A dir il vero, l'itinerario di Del Boca, anche se l'essenziale della sua opera tratta della colonizzazione italiana, non si limita alla storia. Nato nel 1925 a Novara, figlio di una famiglia di albergatori della val d'Ossola, nel Nord del Piemonte, fu nella resistenza sin da adolescente e giovane partigiano, soprattutto nella regione di Piacenza, prima di diventare giornalista. Fu soprattutto giornalista alla Gazzetta del Popolo e grande reporter in Algeria, poi in Africa ed in Medio Oriente. Intervistò Mitterand durante il suo viaggio in Algeria all'indomani del 1° novembre 1954. Inviato speciale, fu il primo giornalista a percorrere il massiccio montuoso dell'Aurès da parte a parte alla fine dell'anno. La sua testimonianza, superbamente tradotta da Georges Arnaud, apparve con il titolo "Un inviato speciale nell'Aurès" in Les Temps Modernes un anno dopo. Fu uno dei primi ad aver pubblicato sulla "sporca guerra" del 1954-1962.

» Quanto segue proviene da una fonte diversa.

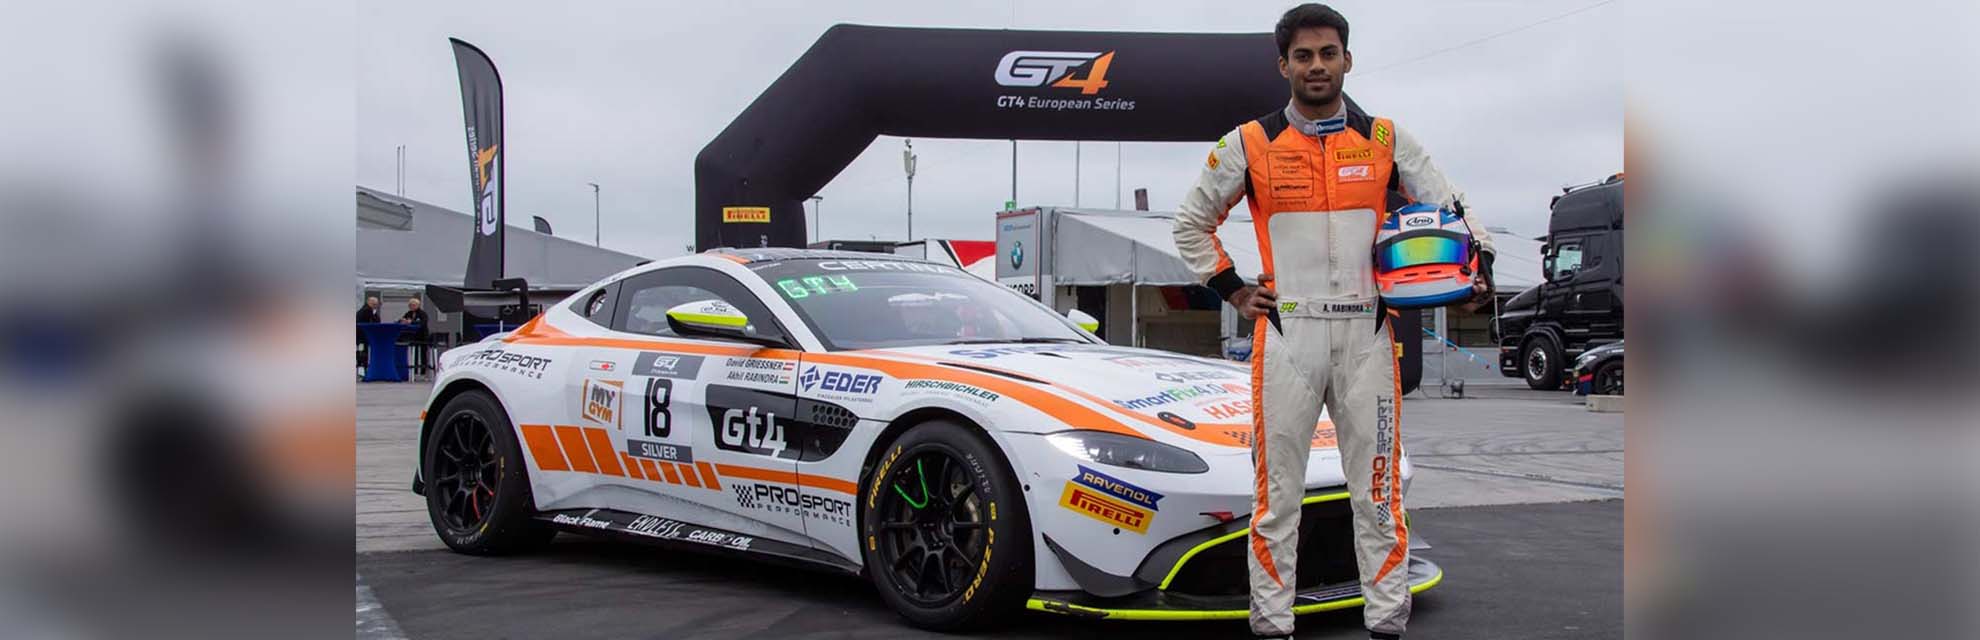 Van karten tot GT4 European Series: de Indiase racer Akhil Rabindra rijdt naar de overwinning
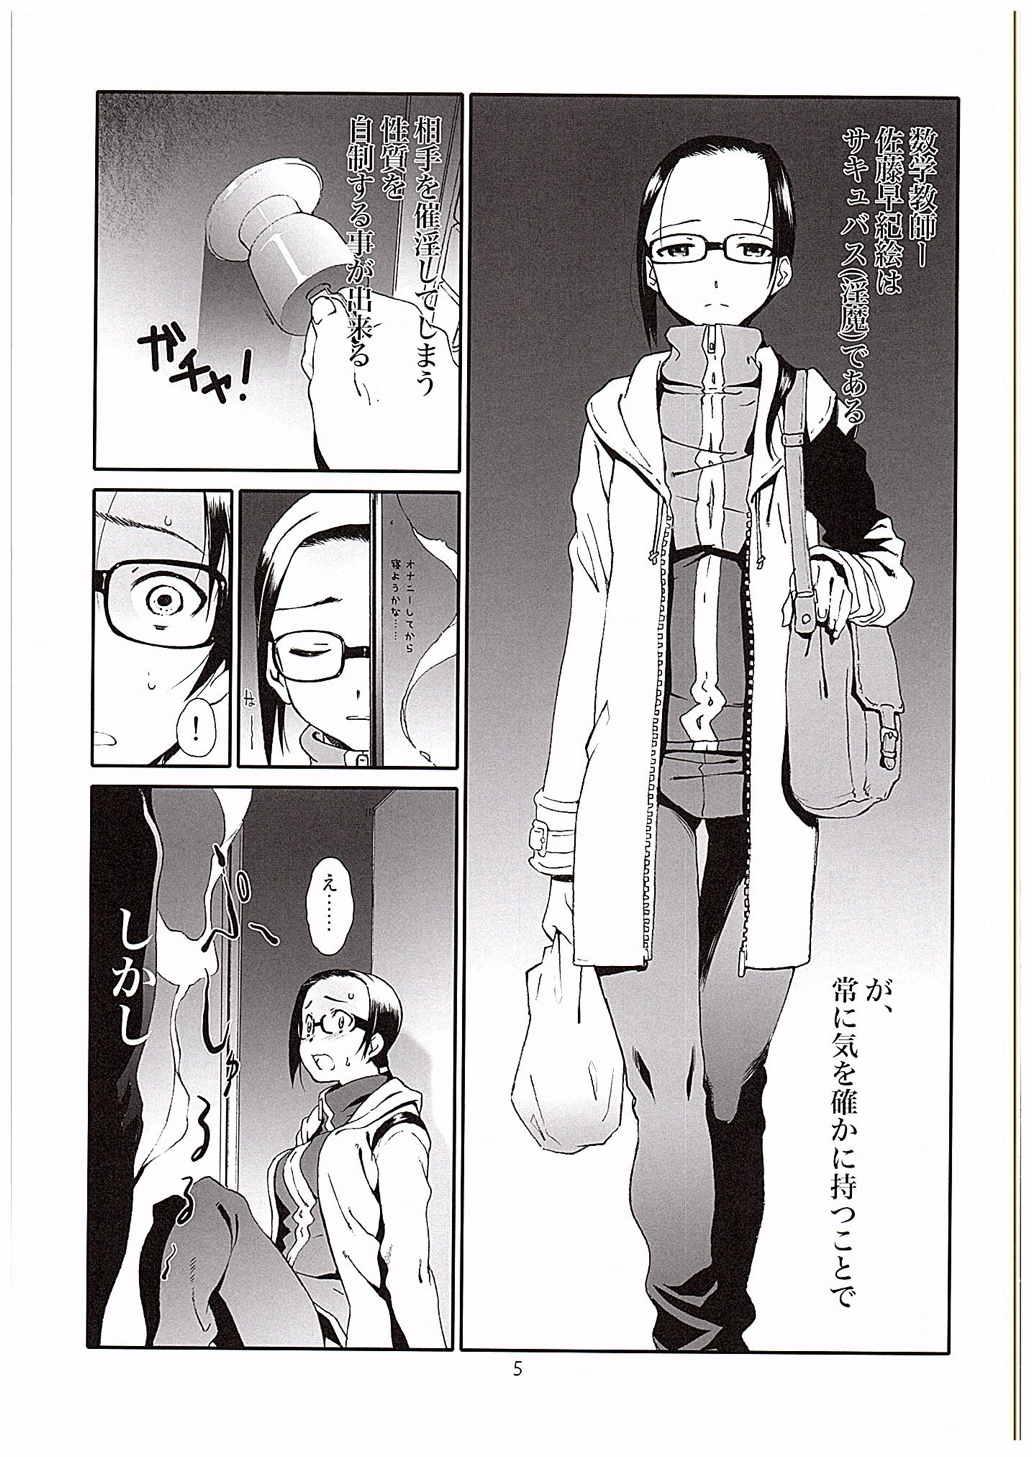 Gostoso Succubus-san wa Majiritai - Demi-chan wa kataritai Ecchi - Page 4

Non fu che in seguito che, sulla via tracciata dal suo mestiere di giornalista- fu redattore in capo di Il Giorno dal 1968 al 1981,- divenne storico a tempo pieno e professore alla facoltà di Scienze politiche di Torino. Fu per due decenni presidente dell'Istituto storico della Resistenza e dell'epoca contemporanea di Piacenza e direttore della rivista Studi Piacentini, prima di fondare nel 2005 I Sentieri della ricerca, rivista di storia contemporanea, in cui lavora un gruppo di storici italiani e stranieri.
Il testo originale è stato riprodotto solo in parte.